Amazon Continues to Push Its AI Chips as an NVIDIA Alternative

Amazon Continues to Push Its AI Chips as an NVIDIA Alternative
Image Credit: Amazon

Last month, Amazon announced a $1.25 billion investment in AI startup Anthropic with the option to invest up to an additional $2.75 billion. The partnership commits Anthropic to using AWS as its primary cloud provider and Amazon's Trainium and Inferentia chips to train and run Anthropic’s foundation models.

The company is now heavily marketing its custom AI accelerator to other potential customers and touting its performance superiority to traditional GPU setups. According to AWS, its Trainium chip slashes training times and costs up to 50% for complex models like Claude. Their specialized Inferentia2 machine learning inference chip cuts inference costs by up to 50%.

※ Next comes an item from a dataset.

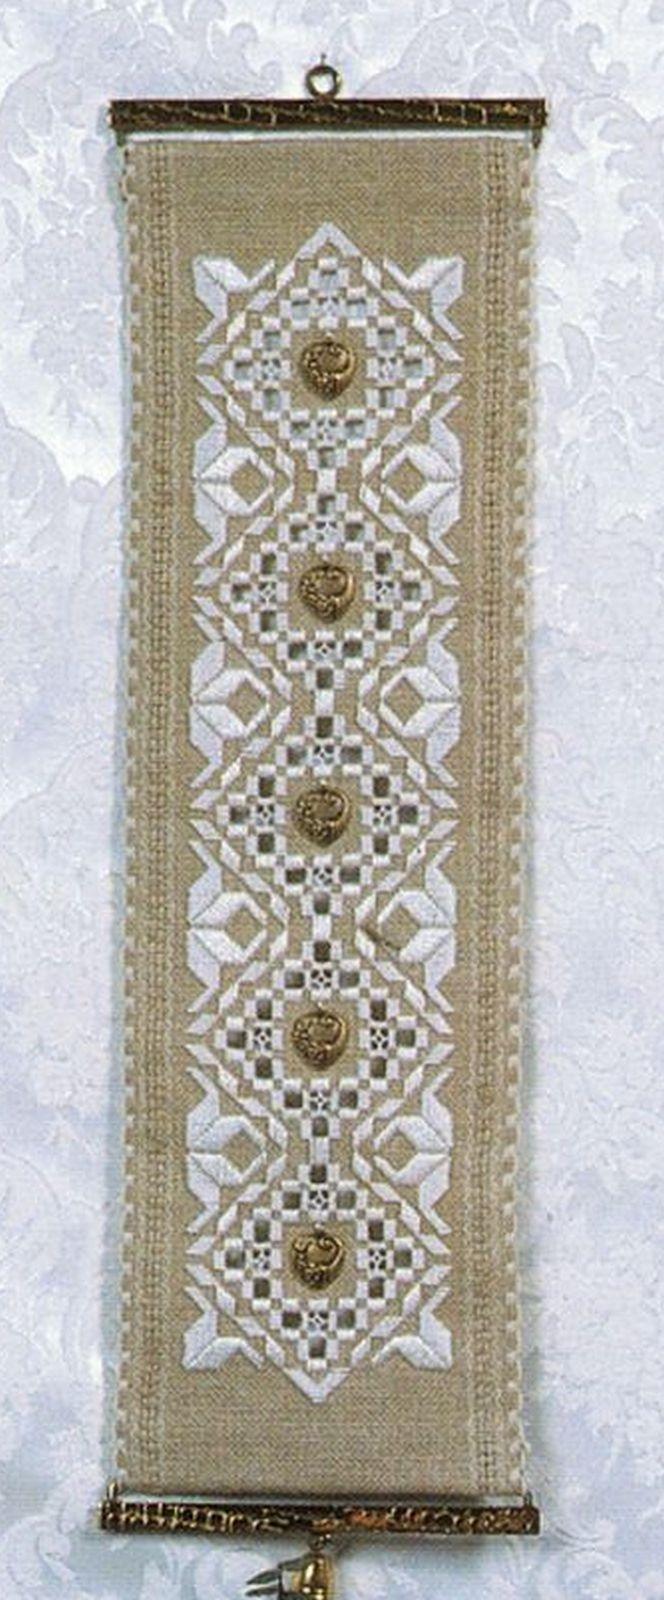 I Love Autumn Hardanger Embroidery Seasonal Sampler Rosalyn Watnemo Book image 5

This comes as Microsoft is set to unveil its own AI chip, codenamed “Athena,” next month. Athena is anticipated to rival NVIDIA H100 and could allow Microsoft and its customers like OpenAI reduce reliance on NVIDIA GPUs, cutting costs and providing more leverage as demand surges.

Outside of Anthropic, major customers of AWS's AI accelerators include Snap, Qualtrics, Finch Computing, Dataminr and Autodesk. Finch says it has achieved 80% lower inference costs while Dataminr gained 9x better throughput per dollar with Inferentia optimization. Amazon even highlights that using Inferentia with Alexa has led to lower costs and latency.

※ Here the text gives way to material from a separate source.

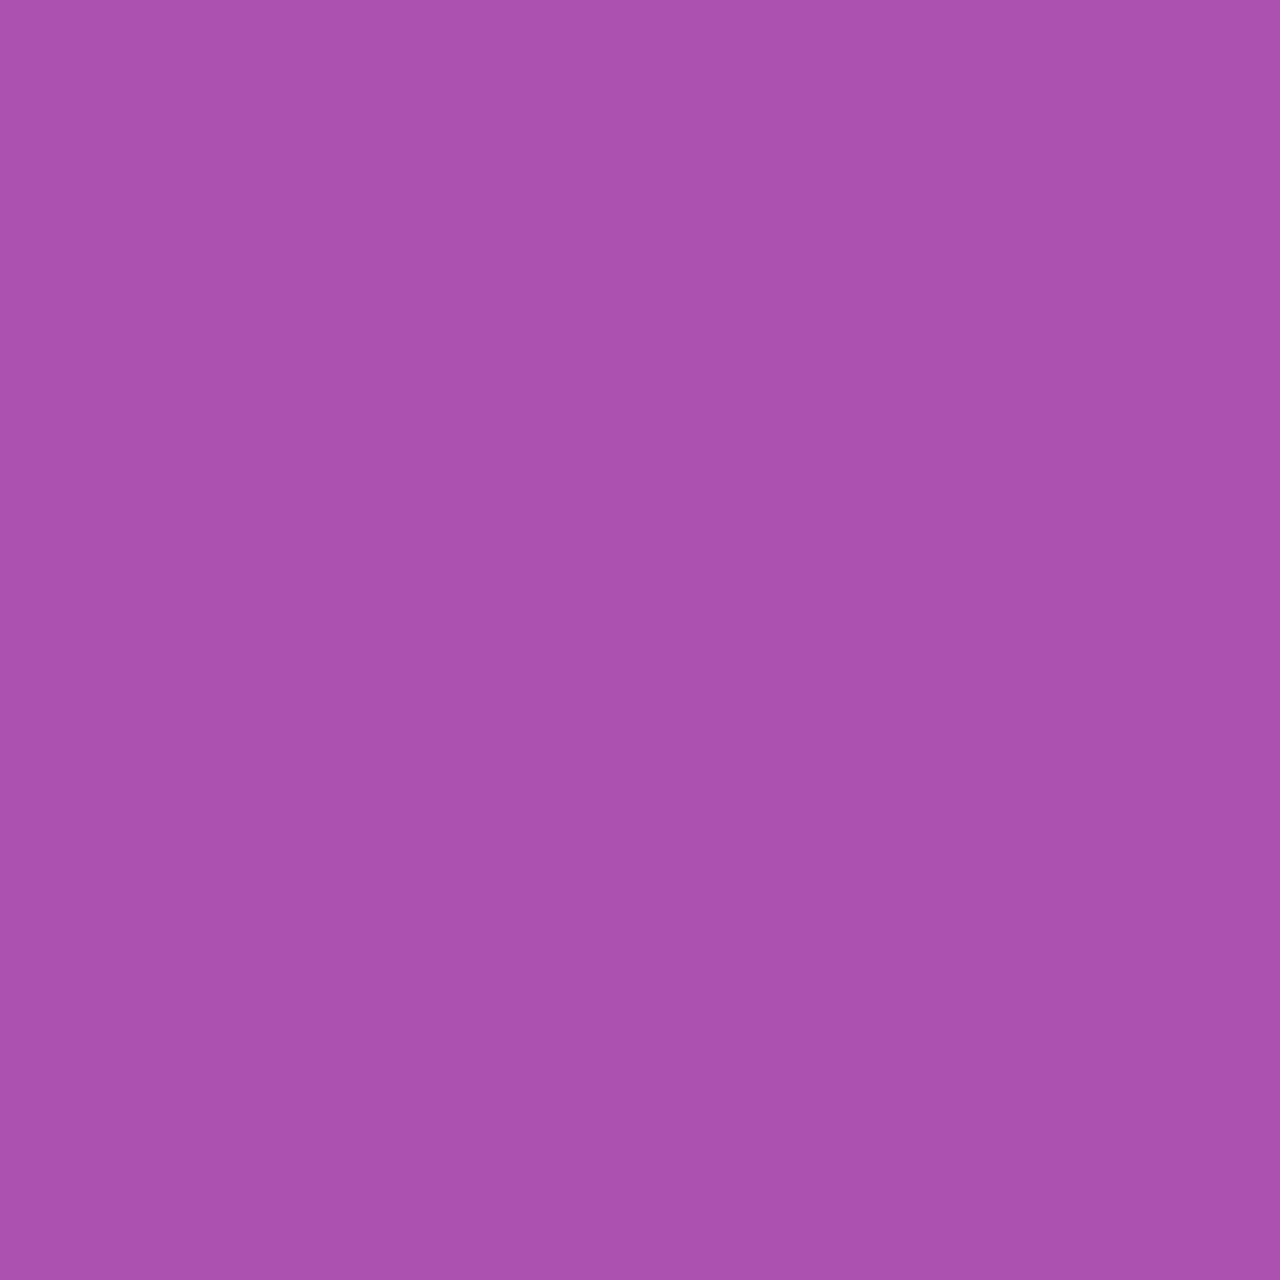 "#0344 Rosco Gels Roscolux Follies Pink, 20x24"""

The demand for powerful hardware to run large generative AI models is accelerating. NVIDIA, already the market leader in high-end AI processors, plans to release their next-generation GH200 Grace Hopper Superchip Platform in Q2 2024. The GH200 will run models 3.5x larger than previous versions while improving performance with 3x faster memory bandwidth.

The expanded Anthropic collaboration highlights AWS’s aggressive push to sell companies on adopting its custom-designed AI chips. While NVIDIA GPUs dominate today, AWS is touting major cost and performance improvements from its Trainium and Inferentia silicon instead. The stakes are even higher now for AWS with Microsoft entering the fray. Given Microsoft's exclusive access to OpenAI's influential GPT models, they will likely attract many customers.

By aligning with Anthropic, AWS aims to showcase the capabilities of its silicon in generative models and convince companies its homegrown chips are best suited for the future of AI.